Article Image Ernest Hancock

Letters to the Editor • Obama Administration

Douglas Turner: Culture of corruption continues unabated

WASHINGTON — At his press conferences, President Obama gets quizzed on what humbles and enchants him. Nobody asks Obama about Steve Rattner, Adolfo Carrion or Ronald Sims.

House Speaker Nancy Pelosi fields tough questions on grading fellow Democrat Obama. She gives him an “A.” No reporter dares ask about Rep. Jesse Jackson Jr., D-Ill.; Rep. Charles Rangel, D-Manhattan; or Rep. John Murtha, D-Pa.

Pelosi doesn’t like nosy questions about House Democrats who operate under an ethical cloud, any more than Obama’s communications operators welcome such distractions. Both have bigger fish to fry. Besides, no matter what’s wrong, it’s going to be OK.

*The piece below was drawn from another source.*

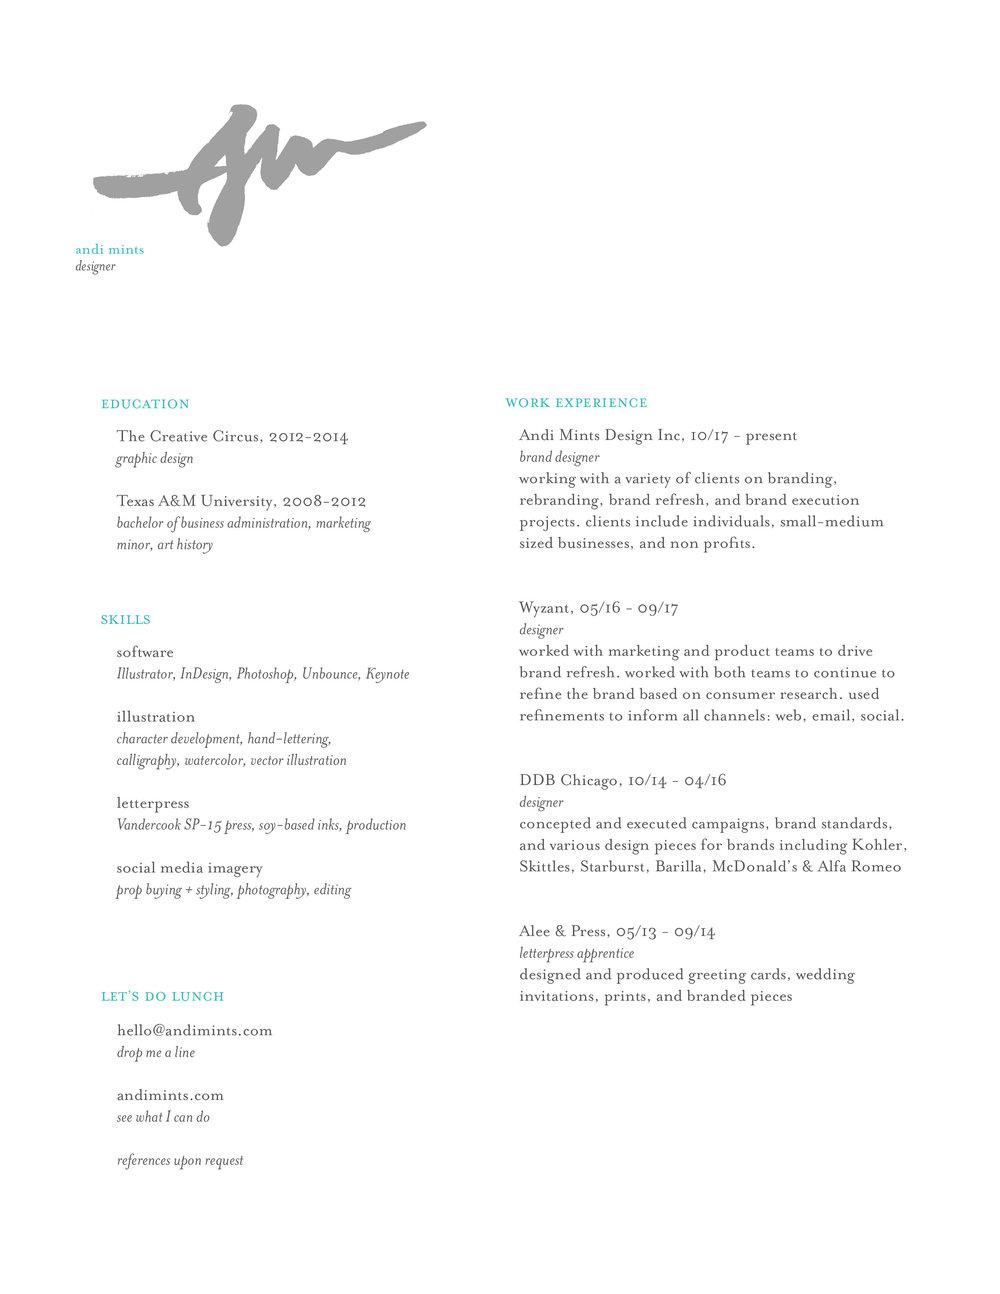 Andi Mints Designer Resume

Rattner is Obama’s adviser on the auto industry retrofit. New York State Attorney General Andrew M. Cuomo is probing an investment house, which Rattner founded and ran, for offering kickbacks to state officials who pick which bankers handle money for the state retirement system.

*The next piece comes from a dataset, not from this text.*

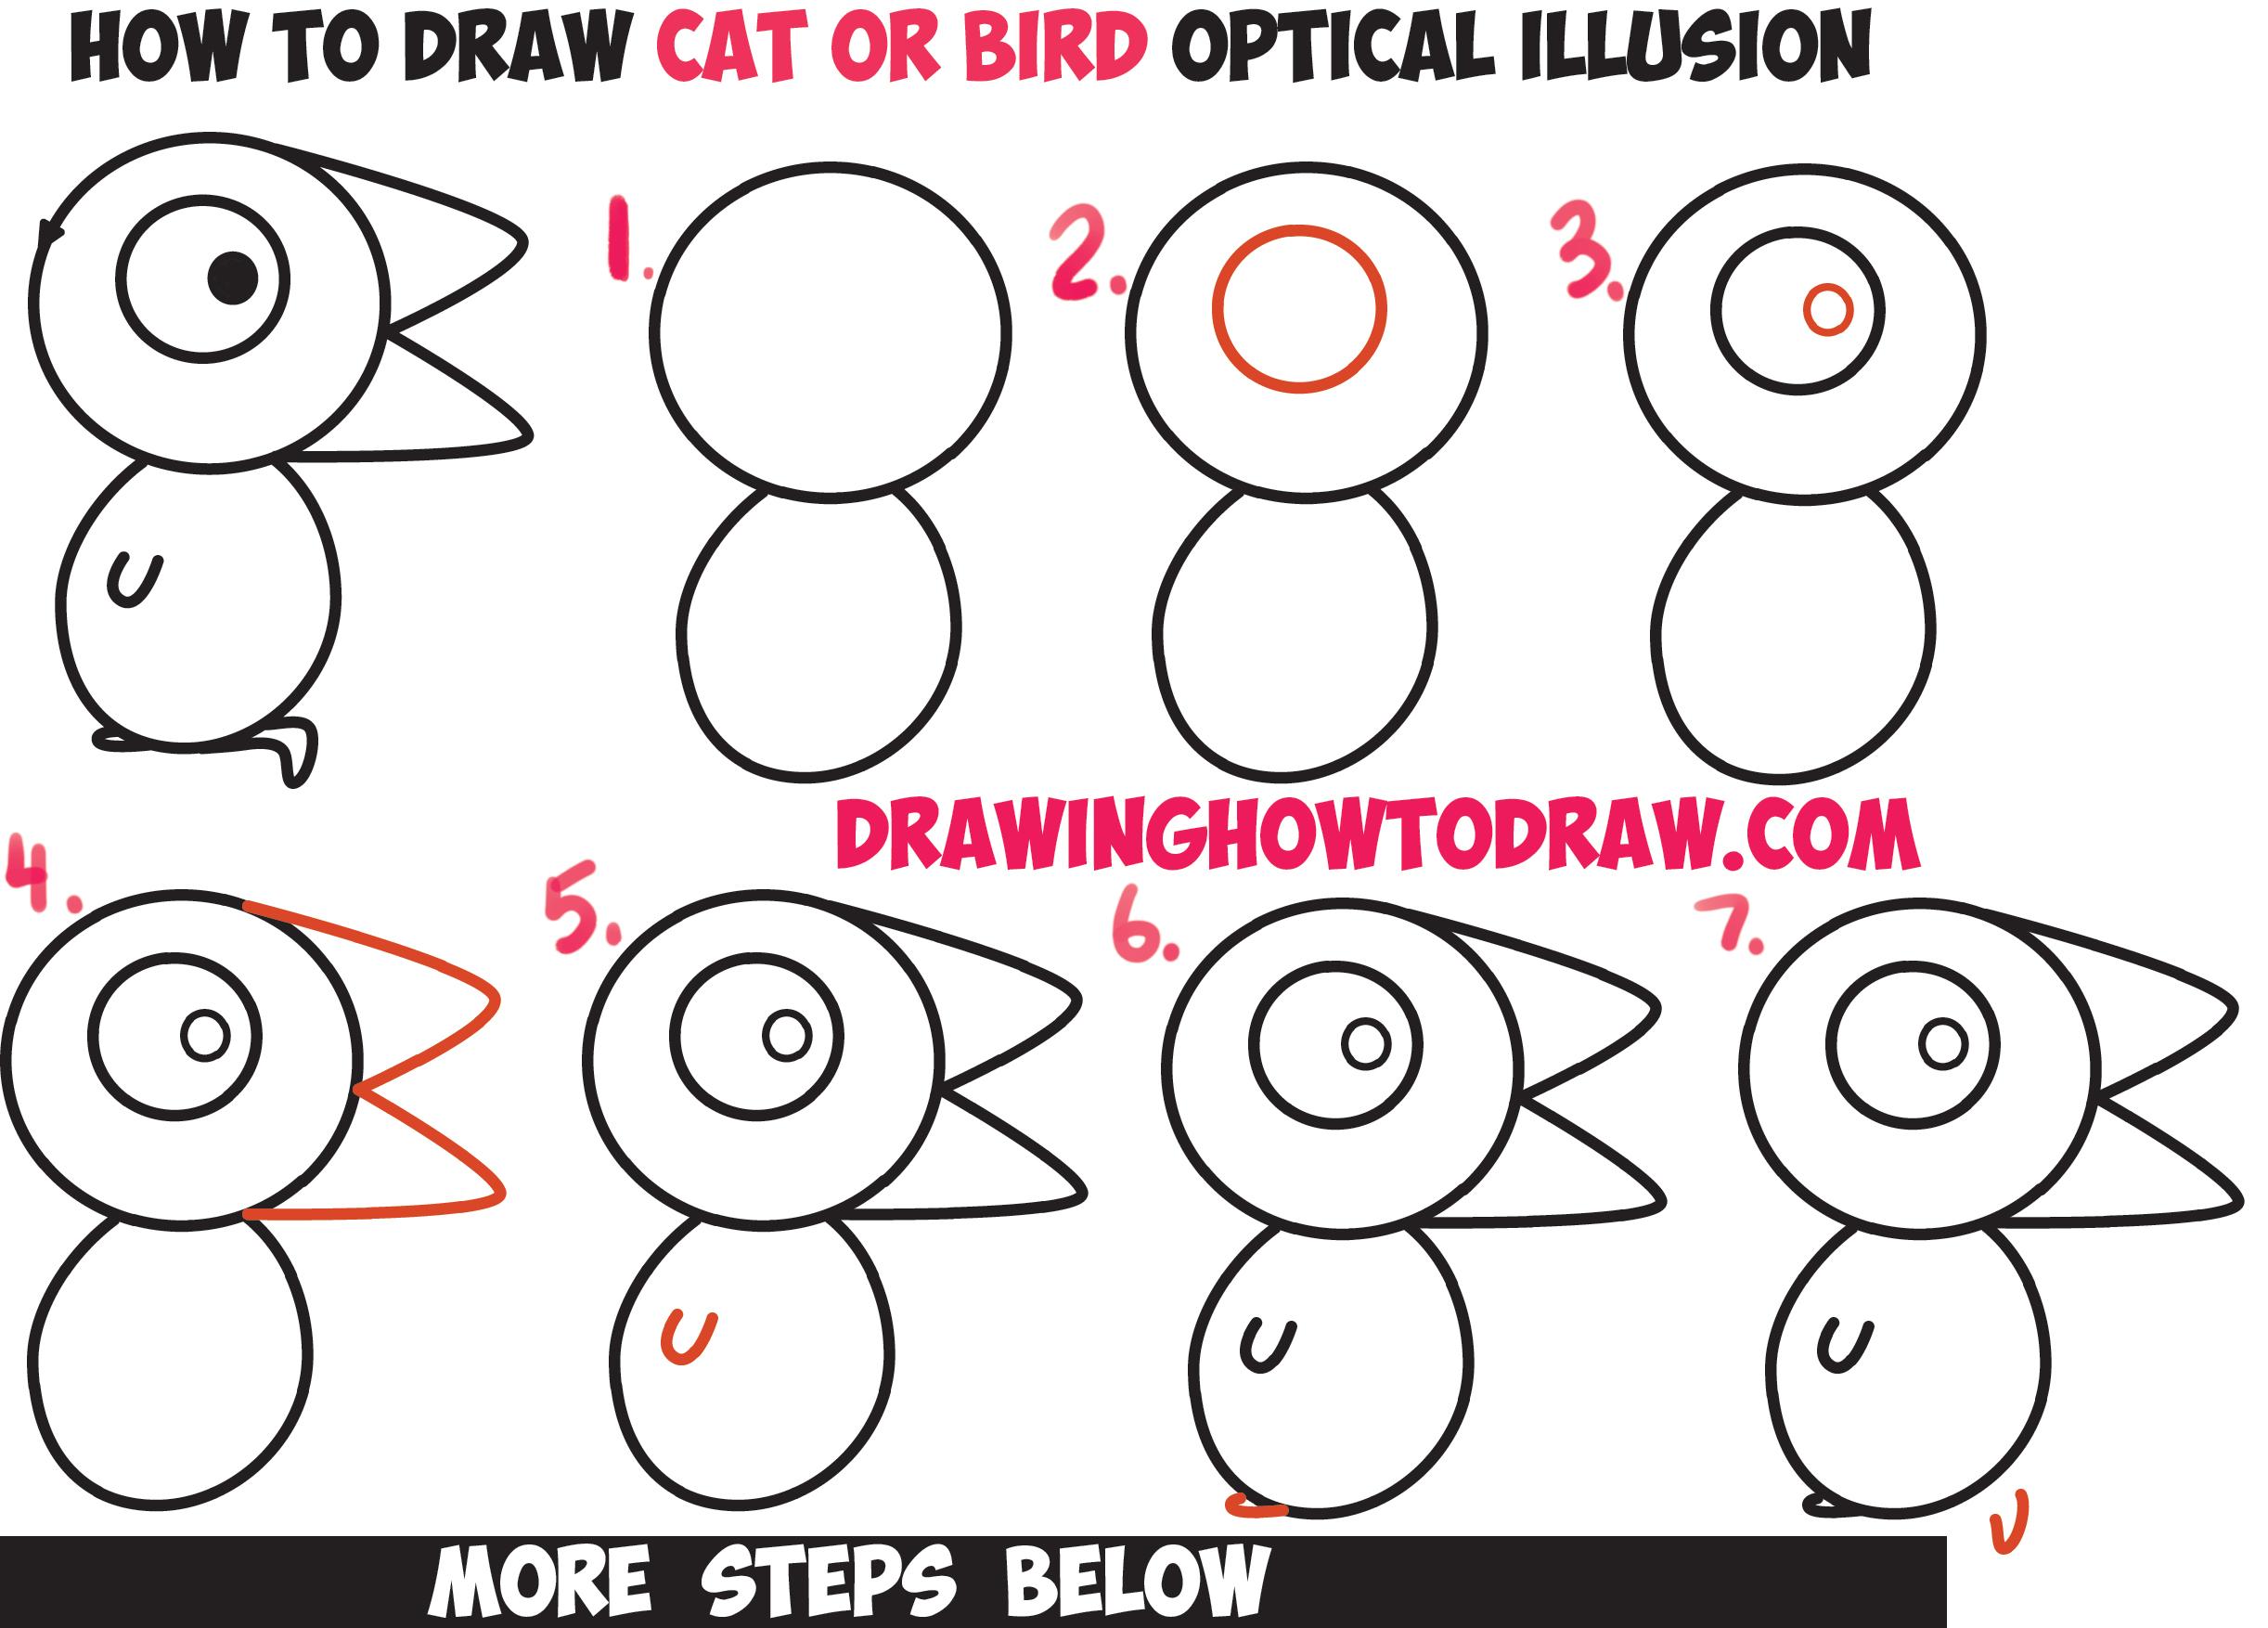 Drawn optical illusion ninja

Rattner says he didn’t know anything about it. So it’s OK. Rattner is now in a scrum over a reported threat that he would bring down the full force of the White House press corps on investors who balked at going along with Obama’s arrangements on the Chrysler bankruptcy.

Why on earth would anybody think that Obama has influence over this press corps?

Carrion is Obama’s urban affairs director. As former Bronx Borough president, Carrion waited two years to pay an architect who did a private job for him. The architect needed permits influenced by Carrion’s office. Carrion says there’s nothing unusual about the delay. So move on.

Sims will be Obama’s deputy housing secretary. He was county executive in Seattle, Wash. His office was handed the largest fine in U. S. history, $124,000, for covering up records on the price of a new stadium for the Seahawks.

Sims says it was his office that was fined, not him. So that’s apparently OK with the Obama camp, which promised voters a new era of transparency. Hey! Turn the page.

Jackson is being scrutinized for possible involvement in former Illinois Gov. Rod Blagojevich’s plan to sell Obama’s Senate seat.

Murtha is chairman of the House Defense Appropriations Subcommittee, and is an ever-flowing conduit of federal funds to firms linked to his relatives, but most of all his campaign contributors. Federal agents recently raided a Murtha-connected political consulting firm that played a role in

Murtha’s Earmarks. He is, however, a confidant of Pelosi, and directs defense appropriations handed out to his Republican colleagues. So there doesn’t seem to be any hurry about the Ethics Committee jostling him.

No more than with Rangel, chairman of the tax-writing Ways and Means Committee. Because of newspaper articles alleging Rangel irregularities on taxes and misuse of House resources, Rangel last year threw himself on the mercy of the Ethics Committee.

It was a gamble that has so far paid off. Pelosi said the Rangel probe would be finished in 2008. It isn’t yet. The ethics panel could announce something as soon as next week. It could also wait until Labor Day, or later.

Over in the Senate, nobody’s looking at reports that Sen. Dianne Feinstein, D-Calif., backed legislation that would have funneled $25 million in taxpayer money to a real estate venture run by her husband. She called the accusations “nonsense,” and that was that.

After all, we have change you can believe in: From a Republican culture of corruption to a Democratic one.